Fig. 3. — Performance of regulatory QTLs prediction from different methods. ROC curves on **(A)** eQTLs dataset; **(B)** allelic imbalanced dataset; **(C)** dsQTLs dataset (Color version of this figure is available at *Bioinformatics* online.)

3.5 Evaluation on somatic dataset

We also observed the difference of our composite likelihood between COSMIC recurrent and non-recurrent SNPs. Wilcoxon rank-sum test showed a significant difference (P-value < 2.2 e-16; Supplementary Figure S6). SNPs that occur in more than one COSMIC reported sample had higher likelihood than those that are in single sample. This result suggested that our model is also suitable to prioritize somatic regulatory variants.
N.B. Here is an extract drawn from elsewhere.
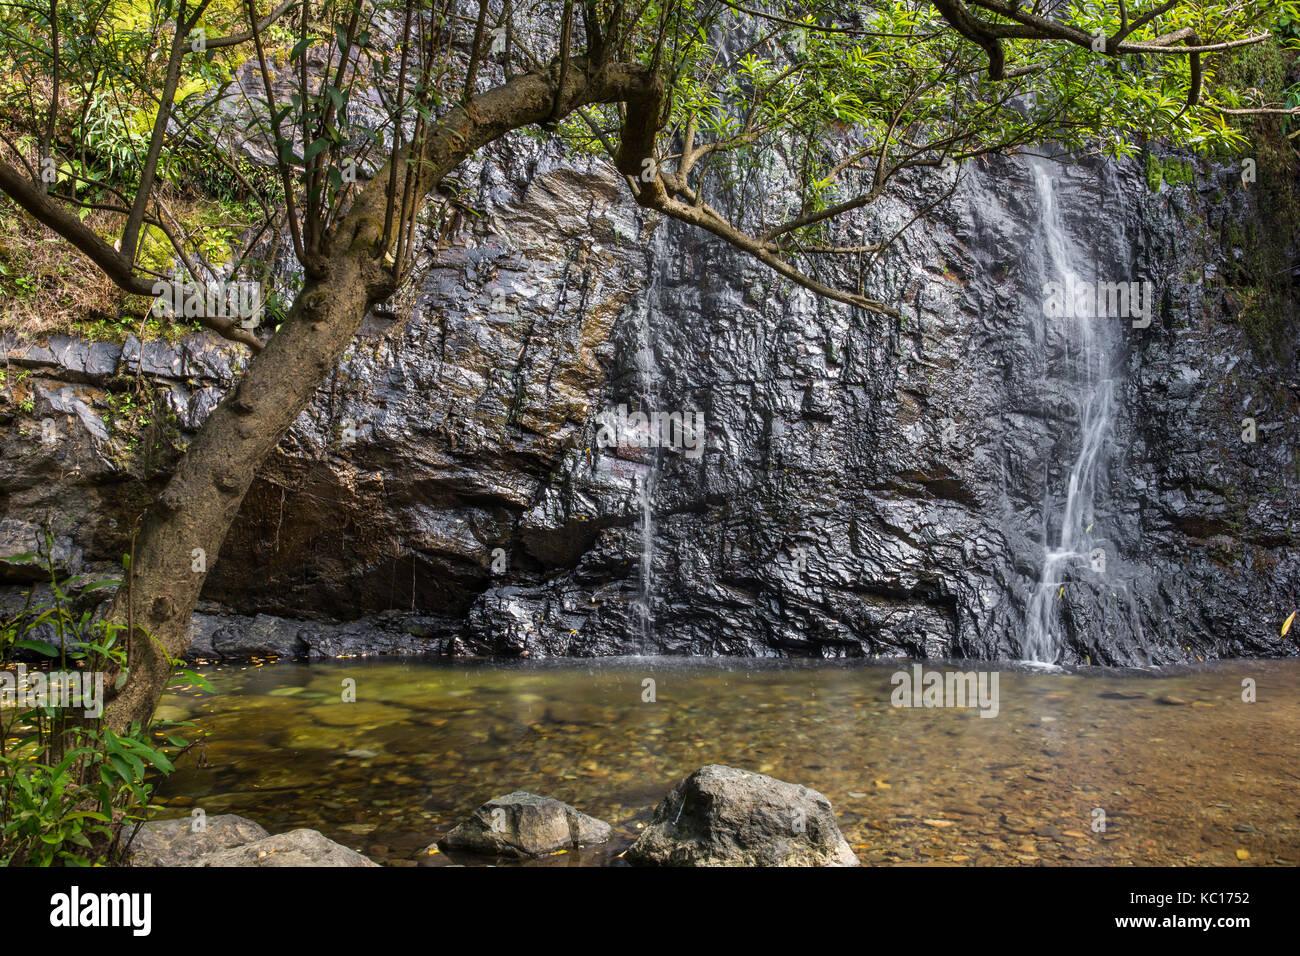 Kaeng nyui waterfall in Vang Vieng, Laos. Tropical rainforest landscape with beautiful waterfall, rocks and jungle Stock Photo

3.6 Comparison with unsupervised integrative approach

Most of current methods for regulatory variants prediction rely on the supervised learning strategy. However, a recent approach, Eigen, can integrate different annotations into one measure of functional importance and is based on an unsupervised learning approach (Ionita-Laza et al., 2016). We therefore compared our composite methods with Eigen precomputed non-coding score for four established dataset, including experimental validated SNPs, eQTLs, allelic imbalanced SNPs and dsQTLs. Our results show that our composite method constantly works better than Eigen non-coding score (Supplementary Figure S7) in all four tests.

3.7 PRVCS software

We implemented our model and scoring procedure in JAVA programming language, named PRVCS, which is freely available for academic and non-profit users at http://jjwanglab.org/PRVCS. The software can take either VCF (Danecek et al., 2011) or ANNOVAR (Wang et al., 2010) variant format as input. Our PRVCS Java program takes ∼0.5 h/CPU and 10 GB RAM to score all 1000 Genomes Project variants. We also provided a Tabix Perl wrapper script to facilitate the random access remotely without downloading whole precompiled score dataset.

4 Discussion

In summary, we have addressed several essential problems in the field of regulatory genetic variants prioritization. We provide an integrative and lightweight resource to facilitate the efficient query of prediction scores for current prevalent algorithms. The refined training and benchmark data of regulatory variants could be used to evaluate subsequent methods in the future. The inconsistent prioritization among existing tools impedes the identification of true regulatory variants. Compared with the field of disease-causal non-synonymous variant prediction (Dong et al., 2015; Gonzalez-Perez and Lopez-Bigas, 2011; Li et al., 2013b; Lopes et al., 2012), ensemble methods are urgently needed to predict and prioritize non-coding regulatory variants. Our composite strategy takes advantage of the complementary attributes of individual tools to achieve a better performance.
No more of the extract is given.